Not all Americans are starry-eyed over bikes. In New York, the new bike lanes have been the subject of all manner of liberal NIMBYism. Congressman Anthony Weiner promised to tear out bike lanes — only to explain later via Twitter that he was just kidding. (Weiner, who was at the time a member of the Congressional bike caucus, resigned after it came to light that he’d sent a photo of, um, his shorts, to a woman via that same Twitter account.)

Meanwhile, in Hull, Wis., the town fathers came up with a creatively stupid solution to bike and pedestrian safety problems: Forbid bikers and pedestrians from using the roads. In Elizabethton, Tenn., Teresa Tryon was threatened with arrest for letting her daughter bike to school on her own. And then there was the dude who crashed his car into a bike store. (OK, it was an accident, but really, is there any place safe from cars?)

This fall, we saw GM’s “Reality Sucks” ad campaign trying to convince young fellas that riding a bike would get them laughed at by the ladies. If nothing else, the ad campaign gave Giant Bicycles the fodder for a sweet slap-back campaign.

And we were heartened to note that in November, when a Chicago columnist tried to pick a fight with cyclists over what he called the “war on cars,” he didn’t get many takers. Of course, if it’s “war on cars” you’re after, Seattle alt weekly The Stranger is happy to oblige.

fish lockPhoto: forkergirl3. The pee-your-pants funny

OK, we’ve arrived at the frivolous and funny portion of our show. (That other stuff was as close to serious as we get around here.)

In the “creative solutions” department, Arturas Zuokas, the mayor of Vilnius, Lithuania, takes the cake. To drive home the point that bike lanes are not the place to park your car, Zuokos drove a tank over a Mercedes. (I’m jealous: That had to feel good.)
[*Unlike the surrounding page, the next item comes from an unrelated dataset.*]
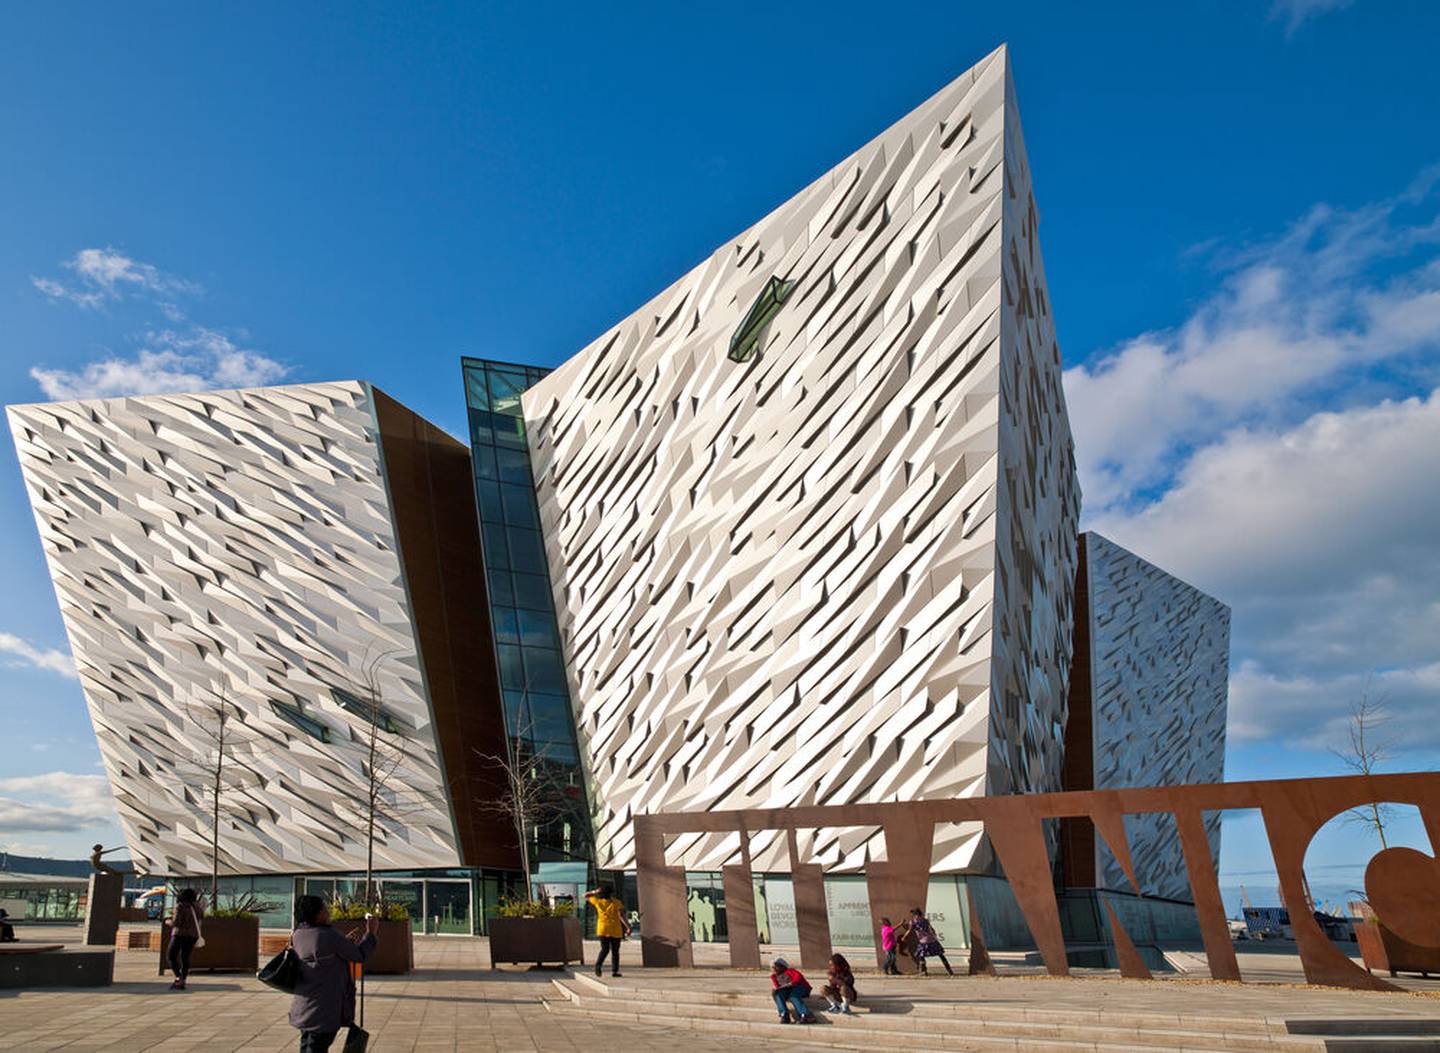 Built on the slipways where the ship itself was constructed more than 100 years ago, Titanic Belfast will reopen in February with a new interactive exhibition. Photo: Tourism Ireland

New York biker Casey Neistat could’ve used said tank. When he got a ticket for not riding in the bike lane, he resolved to never, ever stray from the straight and narrow again — even if it meant running into an illegally parked police car. Ouch.
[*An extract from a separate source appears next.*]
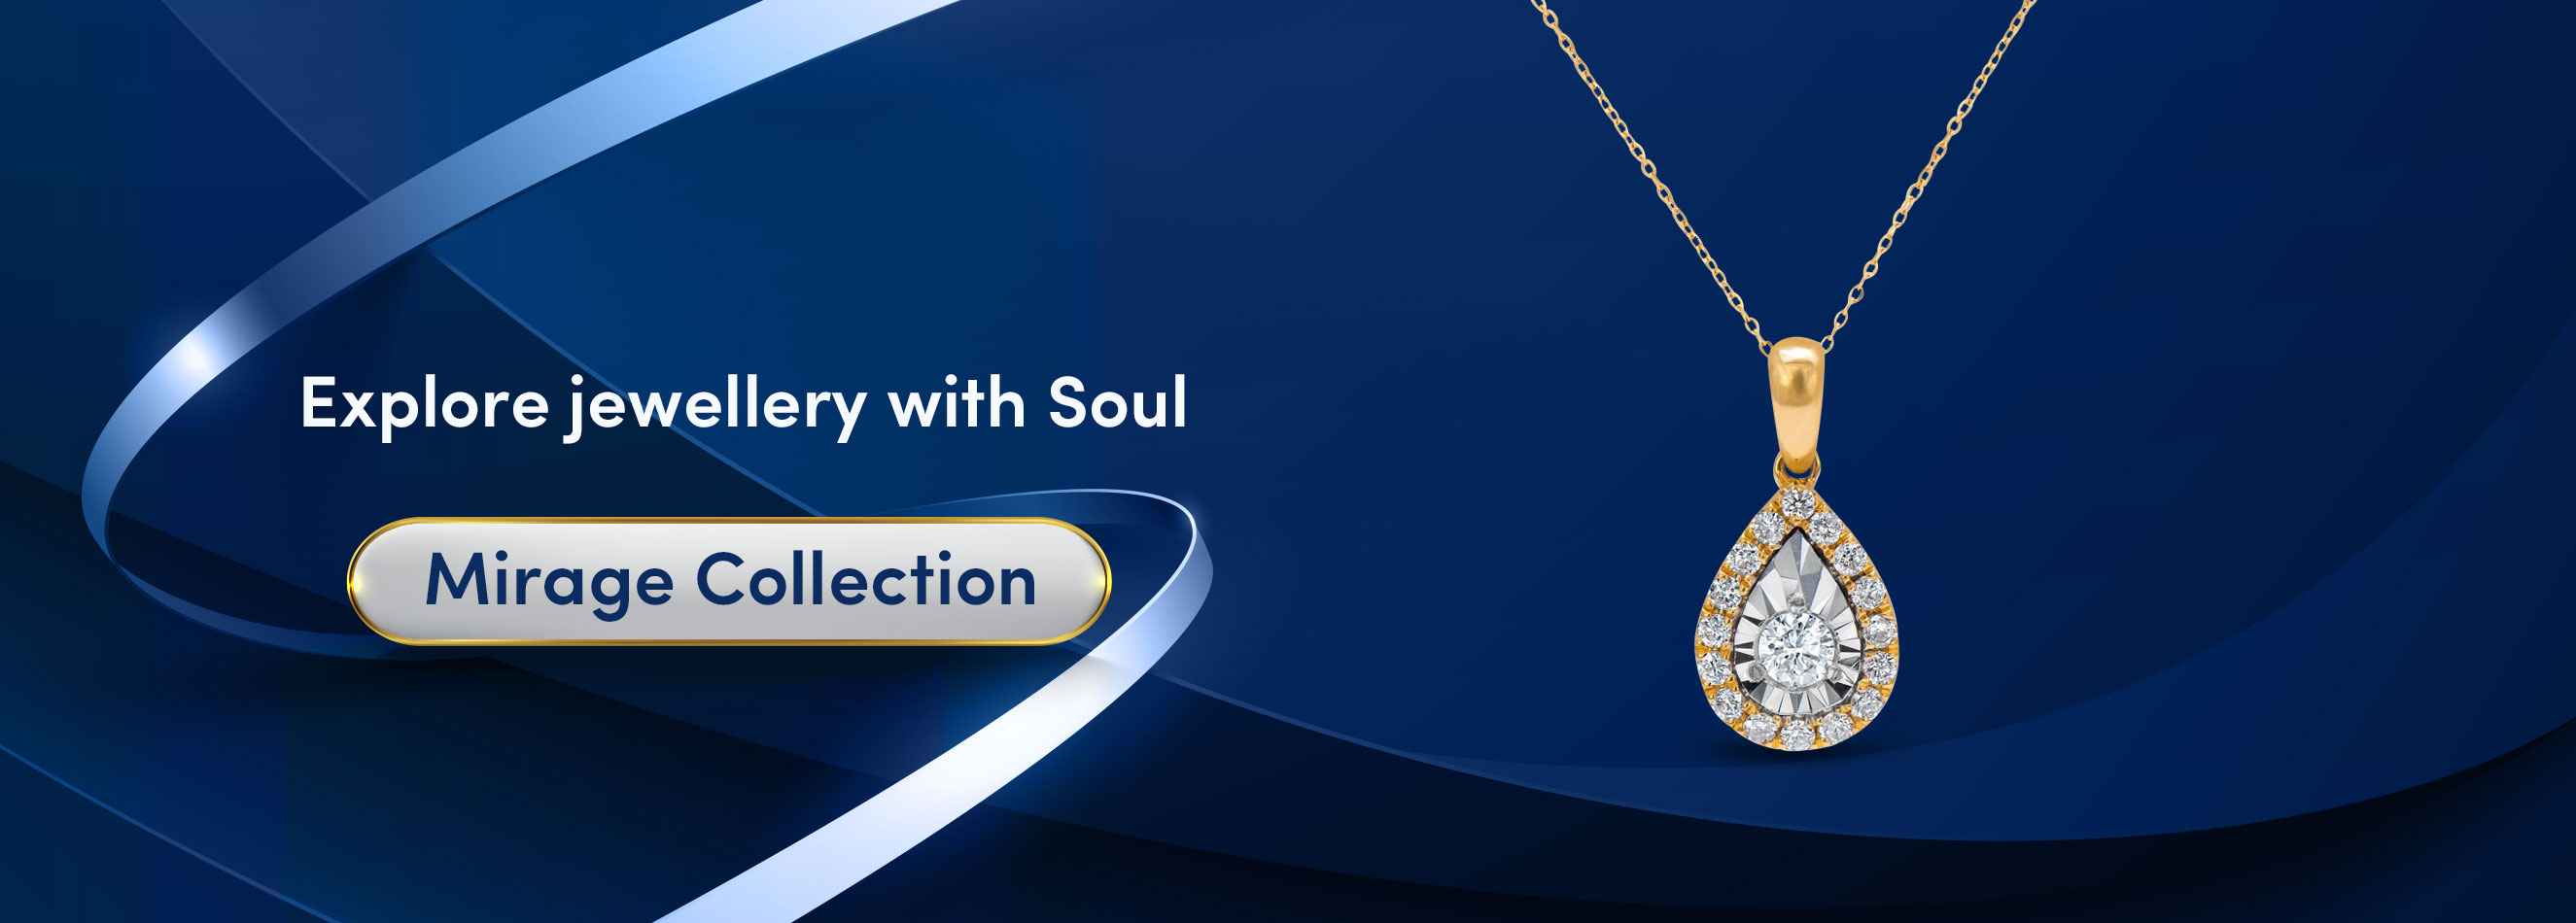 mirage Jewelry Collection Banner

Obstacle courses aside, pedal power still rules for New Yorkers who want to get across town in a hurry. “Amateur daredevil” Mark Malkoff raced a bus through the city on a Big Wheel — and, well, we’re not going to spoil the result. You really just need to watch it.

And last, just for style points, we offer you a bunch of cool kids doing hilarious no-handed bike moves to a rocking good soundtrack. Go ahead, try some of your own, but no trolling us if you can’t pull it off yourself.

Happy New Year from Grist’s bike department. We’ll see you on the streets in 2012.